The commands to lint your code would look as follows.

# Prints to shell
flake8 matrix_tools

# Generates HTML report (requires flake8-html)
flake8 --format=html --htmldir=flake-report matrix_tools

# In the command above, the report gets saved to the flake-report folder

If we look at the output, we find some actionable coding standards fixes for our source file matrix_tools/basic_setup.py. Fix them if you’d like, run the linter again, and check the new results.

The generated HTML report from Flake8.
Pedantic? Yes. Useful? Absolutely.

Summary — What Next?

The code in this post is available at https://github.com/sea-bass/python-testing-ci.

Here we only did what is known as unit testing — that is, testing one function at a time — mostly because we only really wrote one function! However, real software usually has a whole system architecture of components that depend on each other.

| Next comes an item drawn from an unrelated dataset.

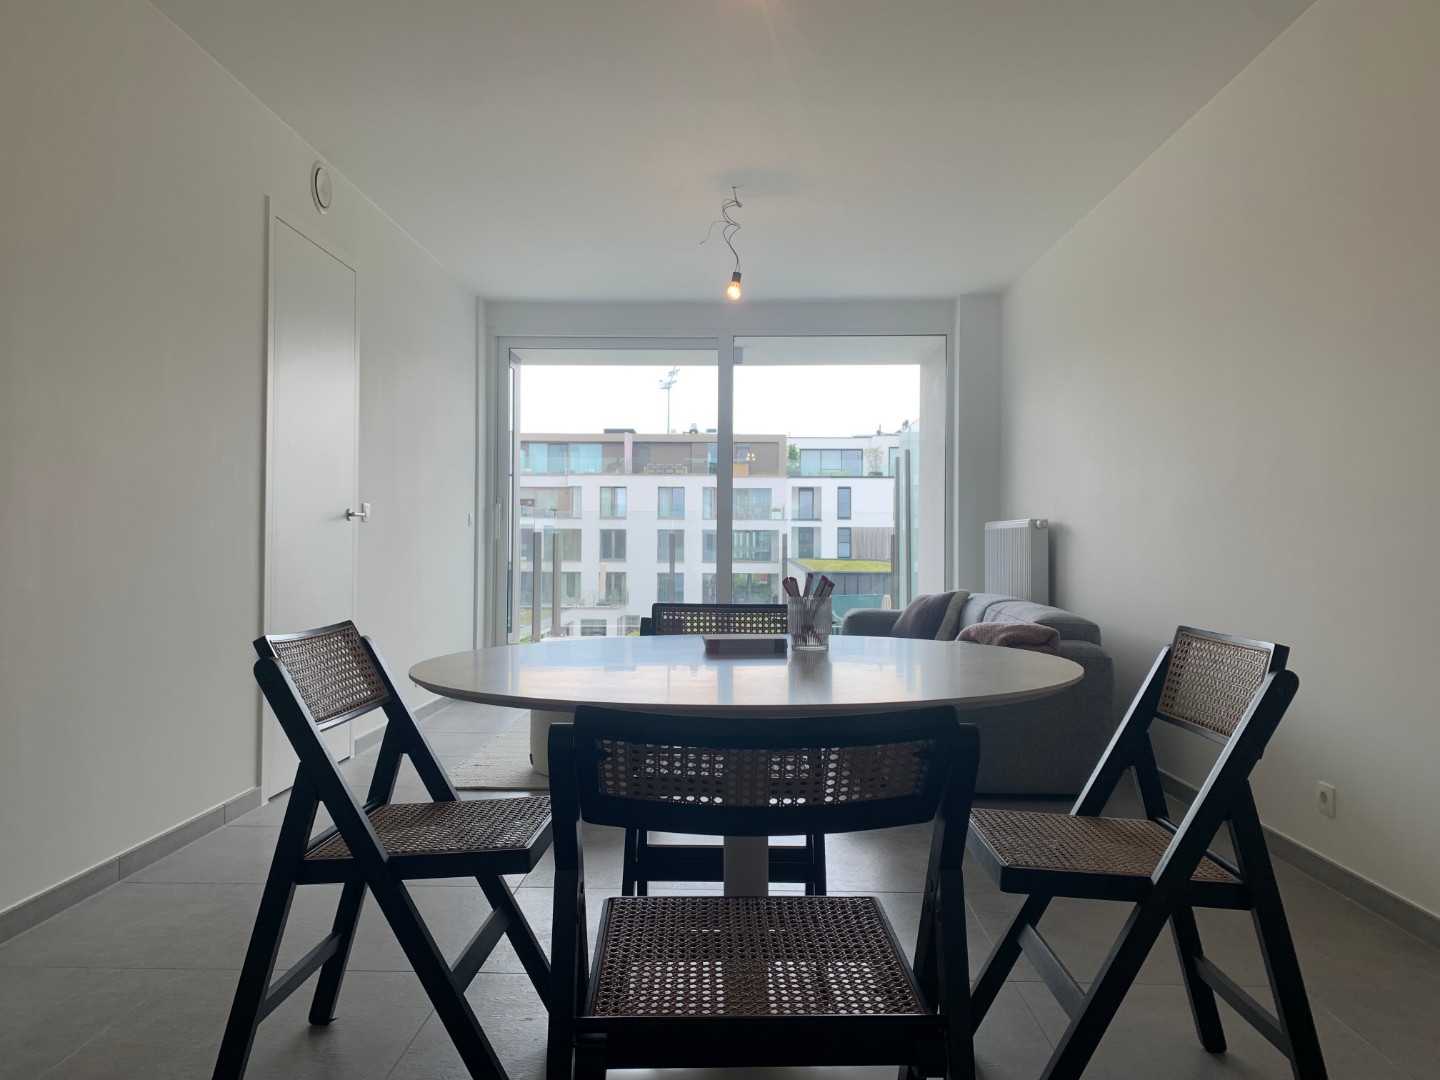 Appartement te koop in Waregem | Vlaemynck Vastgoed
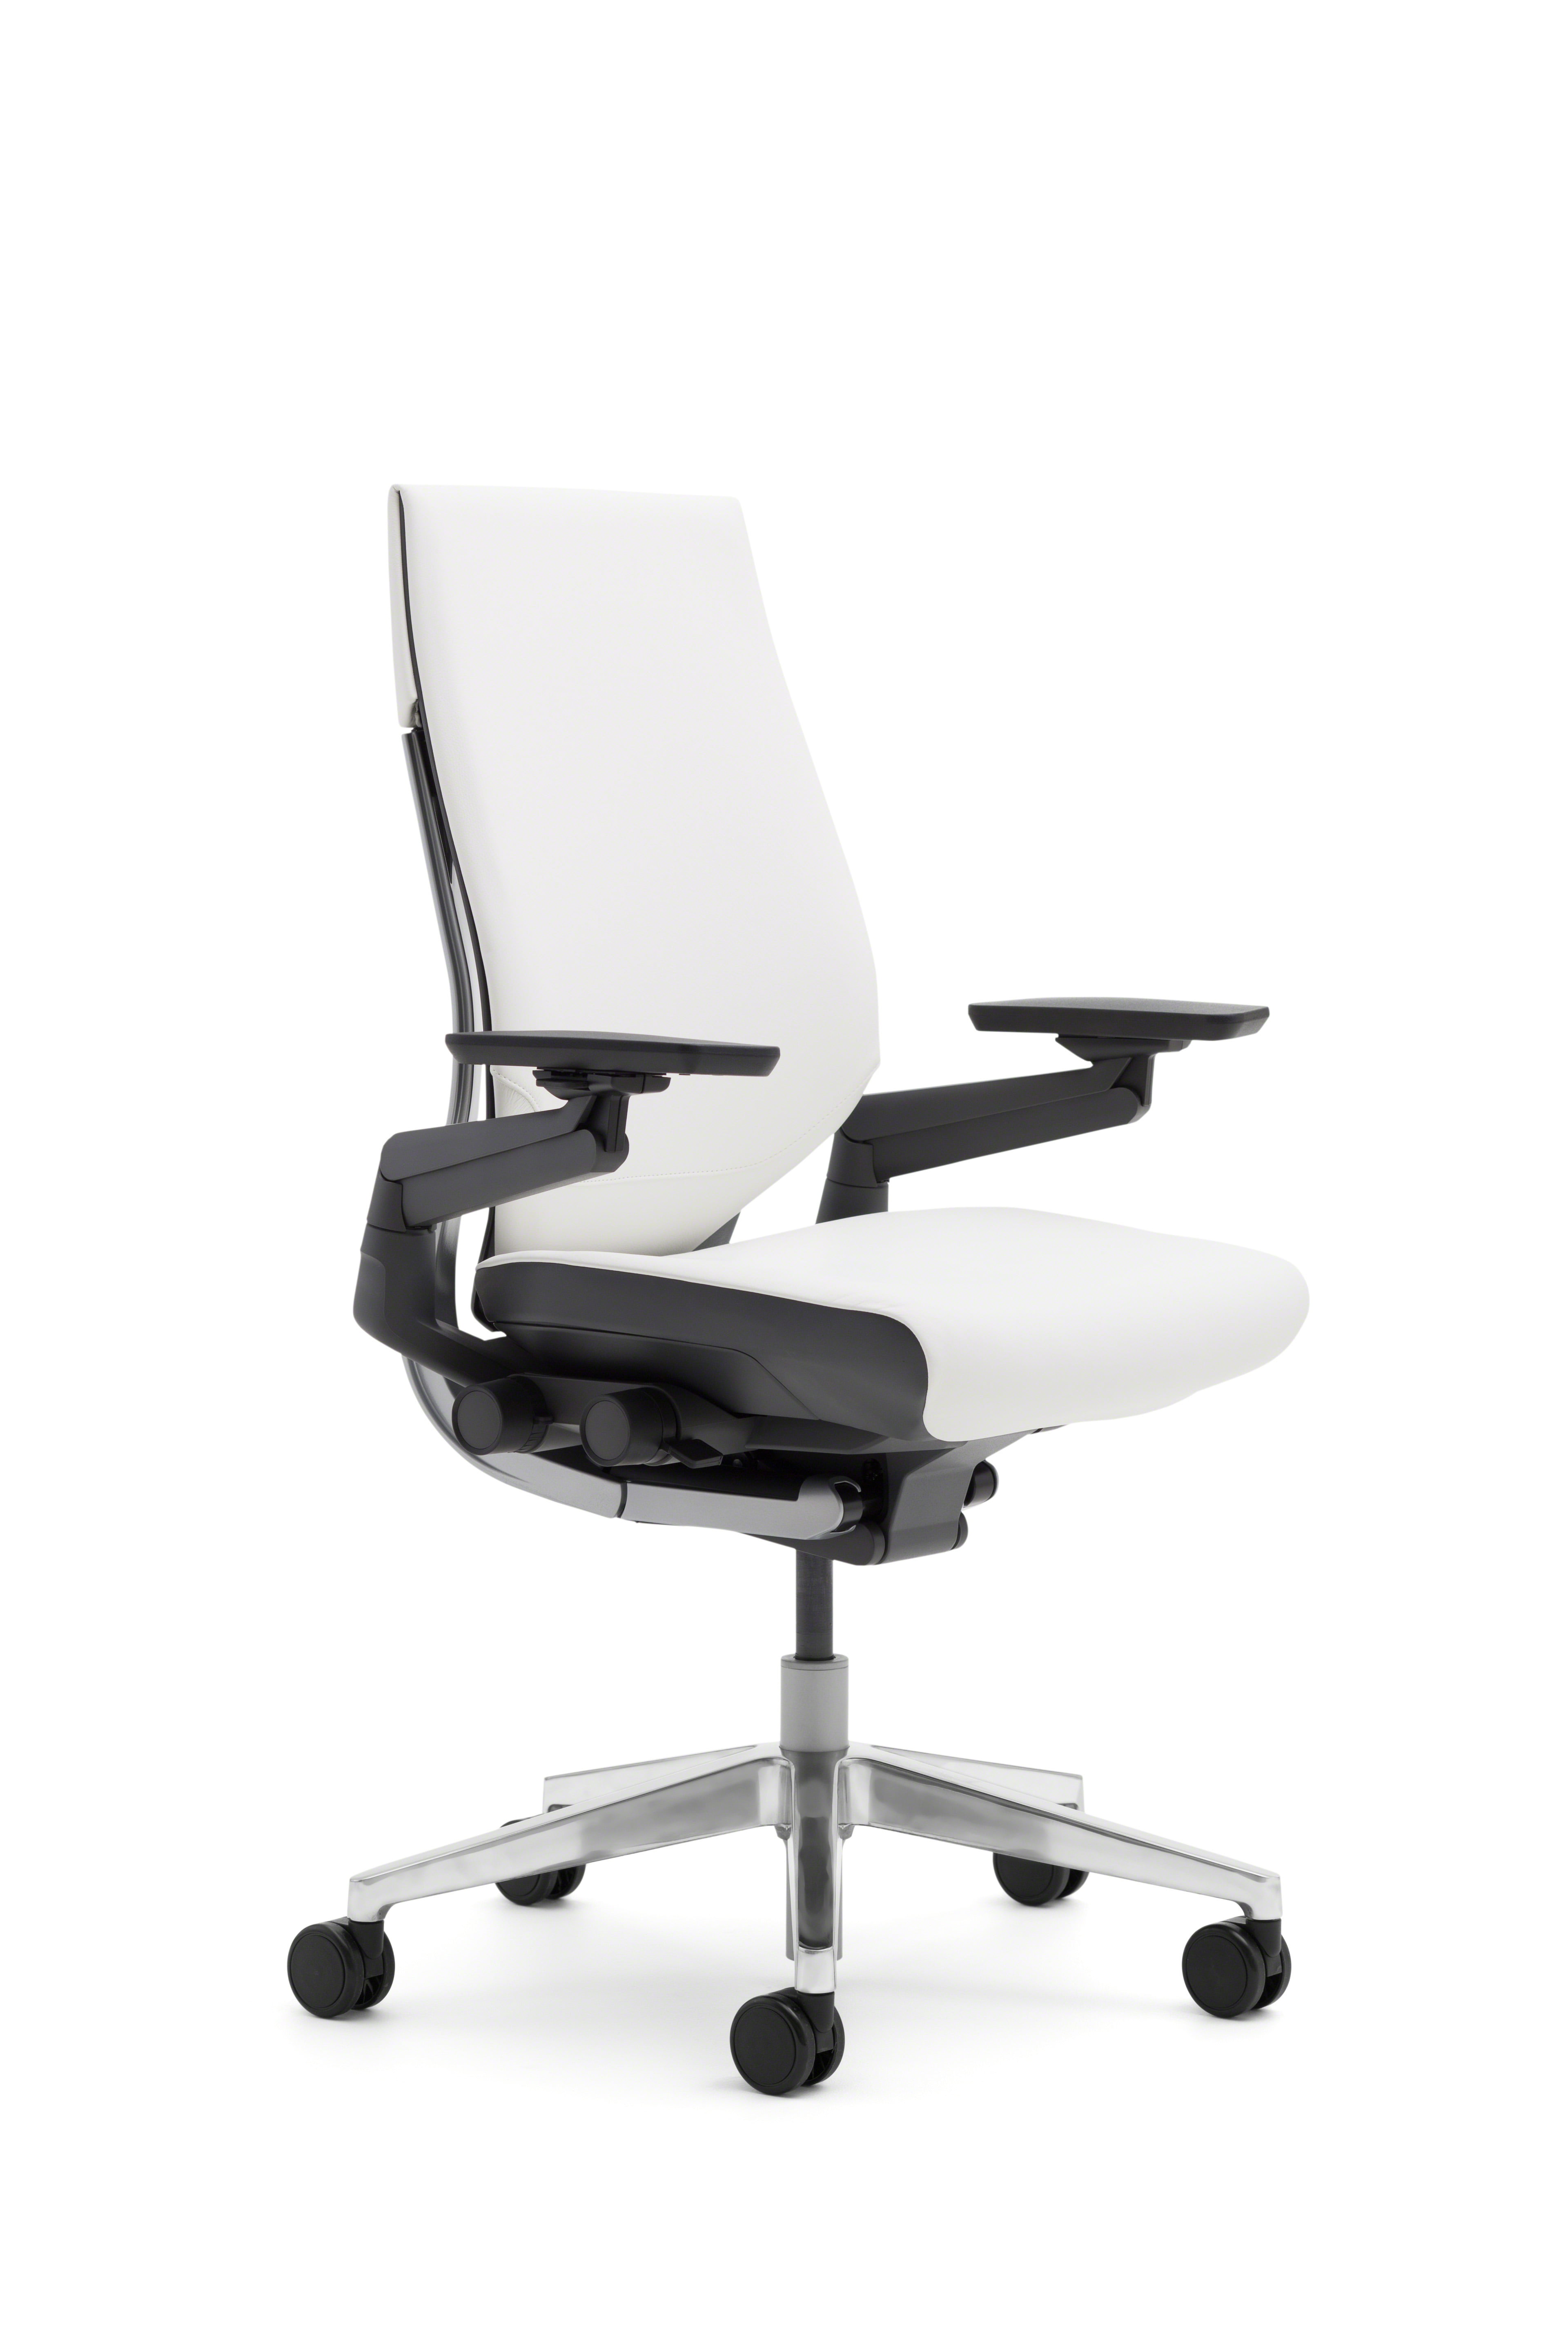 Steelcase Office Chair - Back, Light on Dark Frame - Walmart.com

You will often see terms like integration testing, system testing, and acceptance testing as you go up the chain towards verifying your whole project. This post from Segue Technologies puts it nicely.

Finally, there is the big topic of continuous integration — in other words, can you automate a process wherein every time you change the code (or at some regular schedule), your tests are run automatically so you can analyze results and find issues before it’s too late? Expect a post on continuous integration soon!

0 thoughts on “Testing Python Code”

Pingback: Continuous Integration with GitHub, Docker, and Jenkins – Robotic Sea Bass
Ketan says:

June 8, 2020 at 7:23 pm

The testing library Hypothesis looks interesting:

https://hypothesis.readthedocs.io/en/latest/index.html

but I have not had a project where I can try it out.